In an essay titled “From the Edges of a Broken World,” Joanna Chen, a translator of Hebrew and Arabic poetry and prose, had written about her experiences trying to bridge the divide with Palestinians, including by volunteering to drive Palestinian children from the West Bank to receive care at Israeli hospitals, and how her efforts to find common ground faltered after Hamas’s Oct. 7 attack and Israel’s subsequent attacks on Gaza.

It was replaced on Guernica’s webpage with a note, attributed to “admin,” stating: “Guernica regrets having published this piece, and has retracted it,” and promising further explanation. Since the essay was published, at least 10 members of the magazine’s all-volunteer staff have resigned, including its former co-publisher, Madhuri Sastry, who on social media wrote that the essay “attempts to soften the violence of colonialism and genocide” and called for a cultural boycott of Israeli institutions.

Chen said in an email that she believed her critics had misunderstood “the meaning of my essay, which is about holding on to empathy when there is no human decency in sight.” . . .

April Zhu, who resigned as a senior editor, wrote that she believed the article “fails or refuses to trace the shape of power — in this case, a violent, imperialist, colonial power — that makes the systematic and historic dehumanization of Palestinians (the tacit precondition for why she may feel a need at all to affirm ‘shared humanity’) a non-issue.”

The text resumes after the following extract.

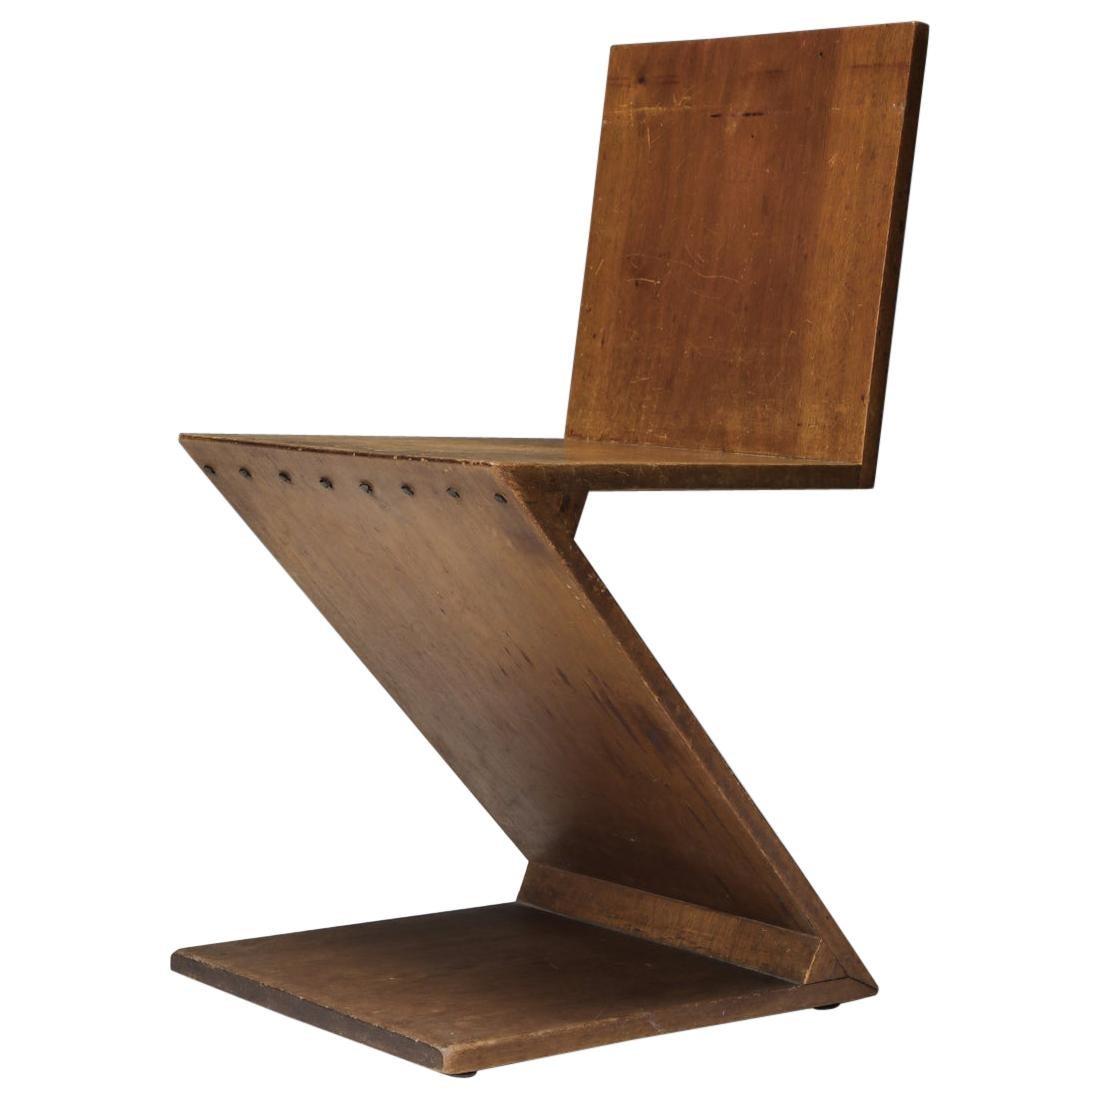 Zig-Zag Chair by G. Rietveld

I’ve read Chen’s essay, which is archived here.

It’s an evocative and moving piece of writing, which conveys deep sympathy for all the victims of the Israel-Hamas war.

I suppose it’s inevitable that it would cause various trained parrots to squawk about “colonialism” and “genocide,” as if the mere invocation of those words justify censoring the work of an Israeli writer, because after all she is a colonialist oppressor by definition, even if she regularly risks her own personal safety to help get life-saving medical treatment to Palestinian children.

To combat such reflexive stupidities is among a writer’s many obligations.